Party Secretary of Xinjiang
- In office 24 September 1994 – 24 April 2010
- Preceded by: Song Hanliang
- Succeeded by: Zhang Chunxian

Personal details
- Born: 21 December 1944 (age 81) Showkwang, Shantung, China
- Party: Chinese Communist Party (1966–2012)

= Wang Lequan =

Chinese politician (born 1944)

Wang Lequan (born 21 December 1944) is a Chinese retired politician, most notable for being the Party Secretary of Xinjiang, the autonomous region's top political office, between 1994 and 2010. From 2002 to 2012, Wang was also a member of the Politburo of the Chinese Communist Party. From 2010 to 2012 he was a Deputy Secretary of the Central Political and Legal Affairs Commission. He retired from active politics in 2012, and served President of the China Law Society from November 2013 to March 2019.

==Life and career==
=== Shandong ===
Wang Lequan was born in Shouguang, Shandong in December 1944. He joined the Chinese Communist Party in 1966. He was a post-graduate at the Central Party School of the CCP Central Committee.

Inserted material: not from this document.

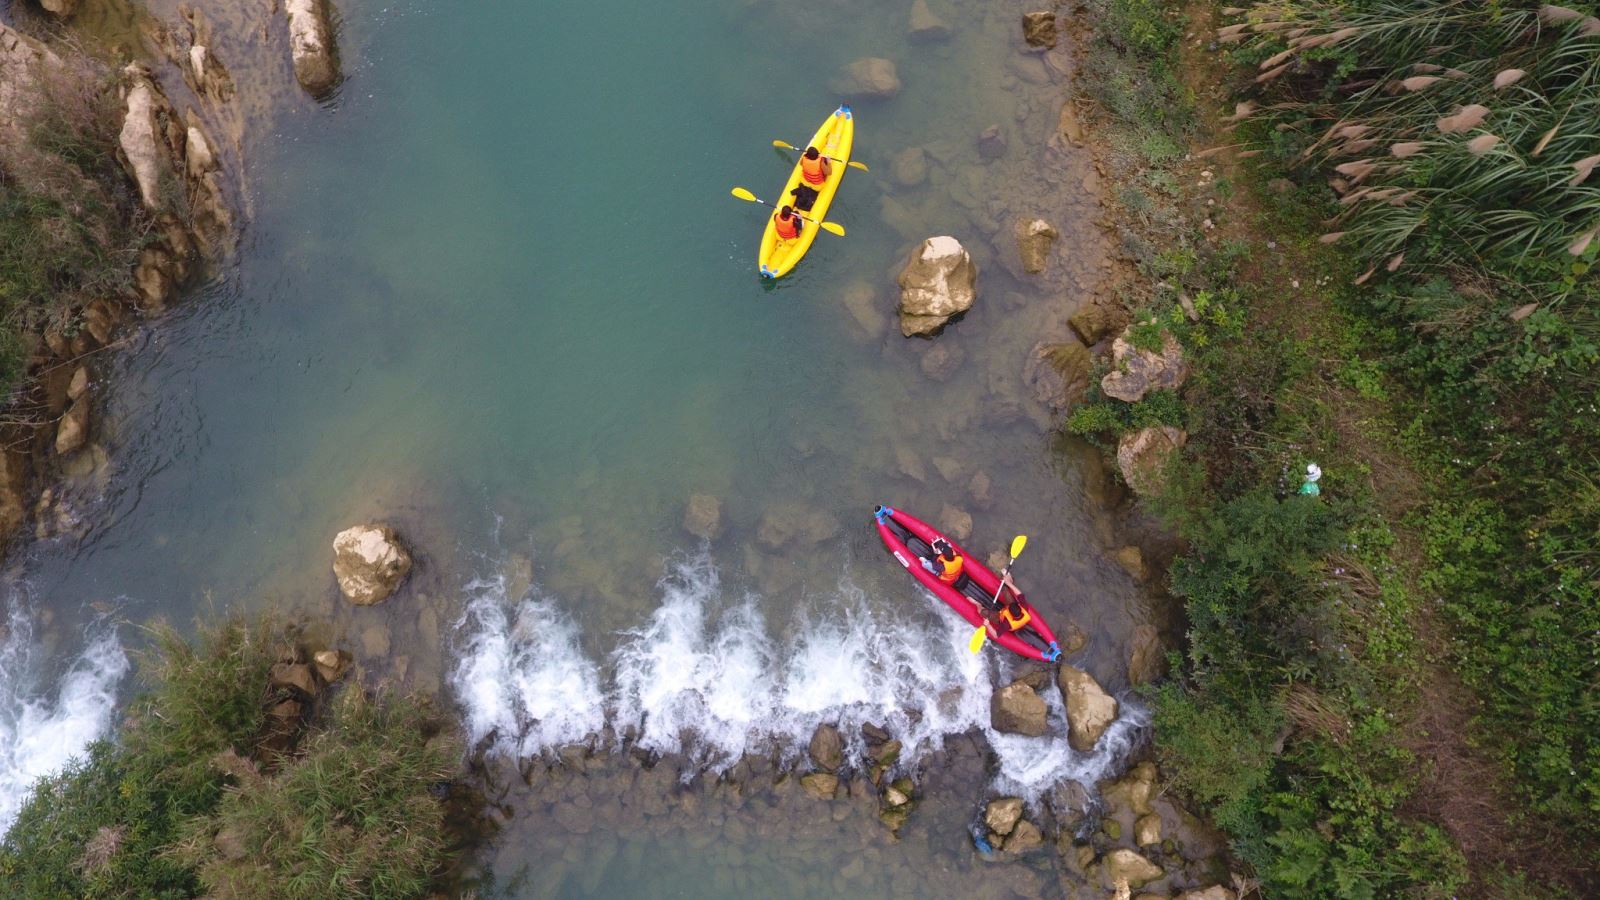 Thuyền Kayak bơm hơi có kiểu dáng hiện đại, màu sắc trẻ trung
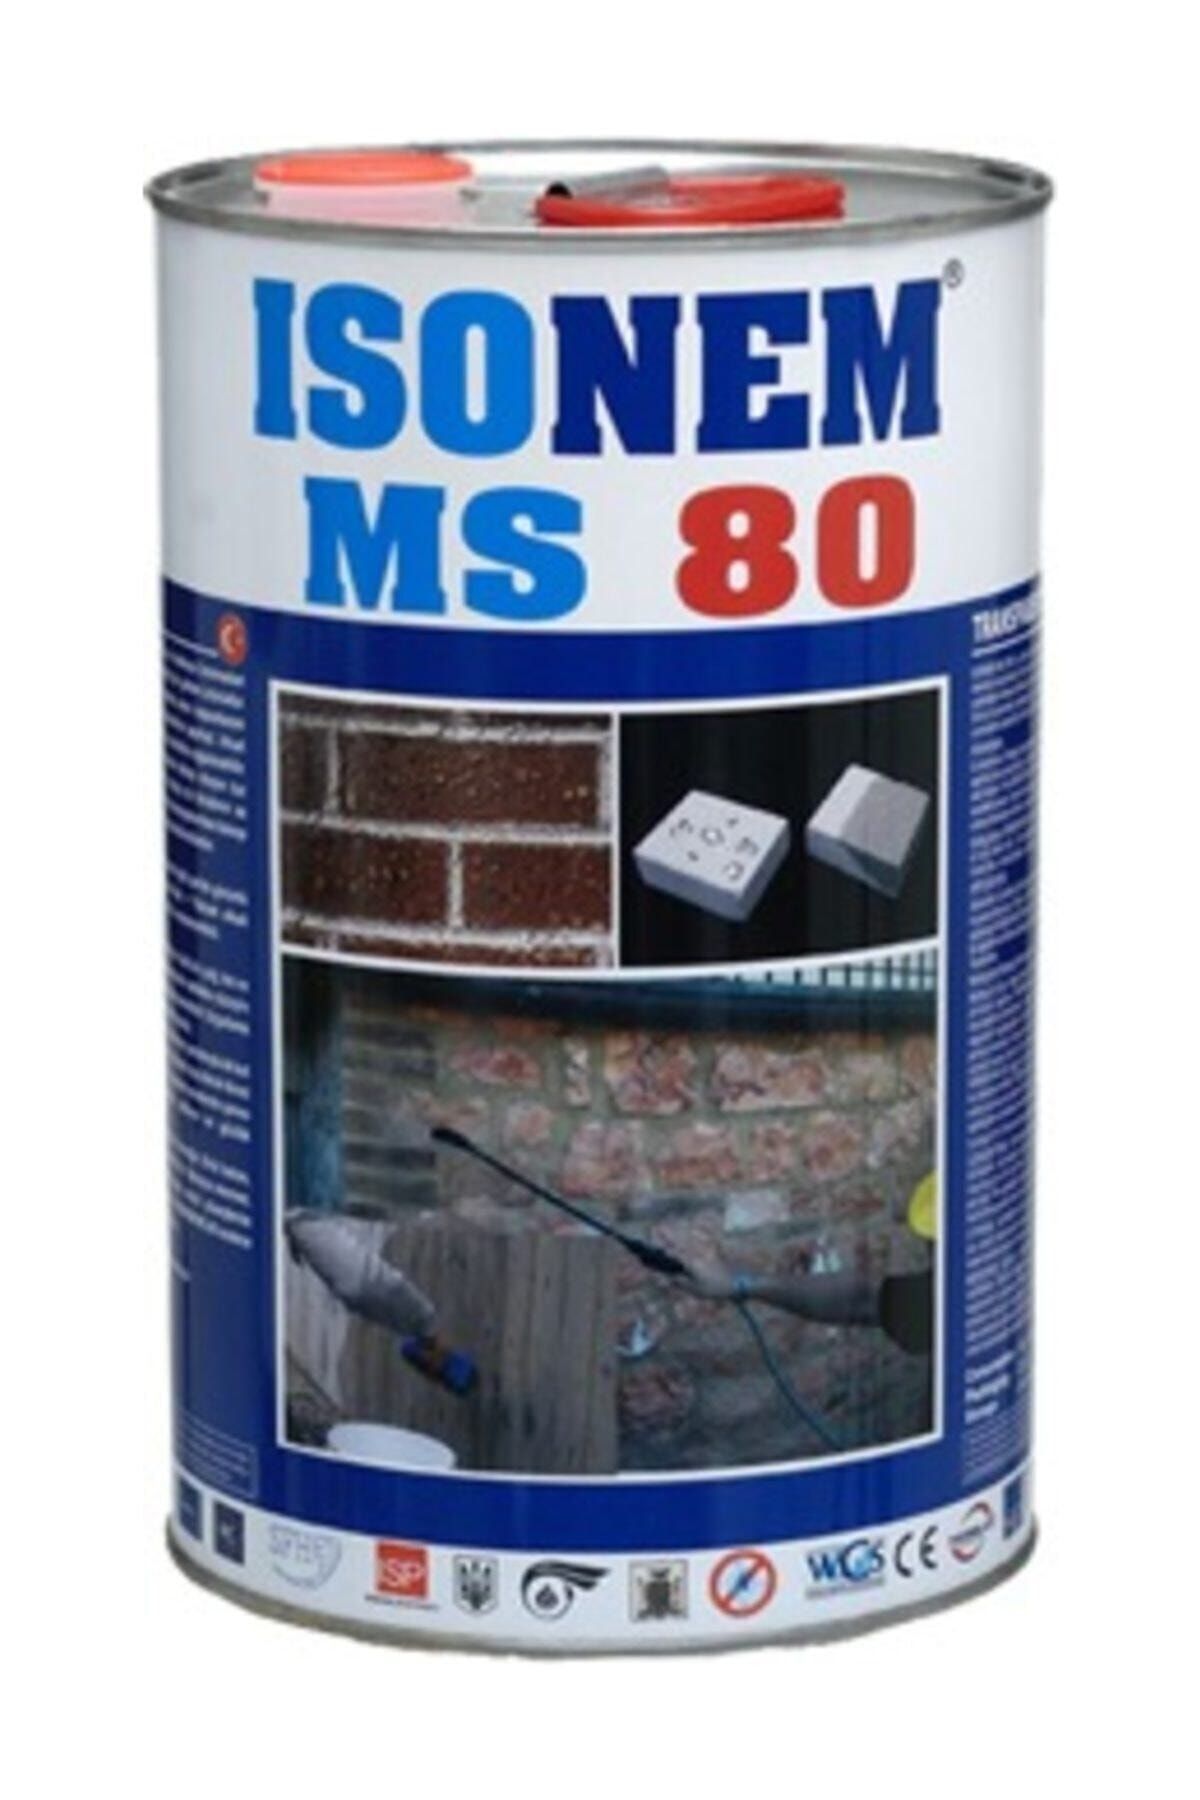 Isonem Ms 80 Doğal Görüntüyü Bozmayan Şeffaf Dış Cephe Su Yalıtımı 3,5 L

From 1982 to 1986, he held the position of deputy secretary of the Shandong Provincial Committee of the Communist Youth League. In 1986, he became deputy secretary of the Liaocheng Prefecture Committee of Shandong Province. In 1988, he ascended to the role of secretary of the Liaocheng Prefecture Committee. In 1989, he was elevated to deputy governor of the Shandong Provincial People's Government.

=== Xinjiang ===
Wang was the Secretary of the CCP Xinjiang Committee from 1994 until 2010. As Secretary, he was responsible for implementing modernization programs in Xinjiang. He encouraged industrialization, development of commerce, and investments in roads and railways. He furthered the development of the oil and gas fields in the region, link-up of pipelines from Kazakhstan to eastern China.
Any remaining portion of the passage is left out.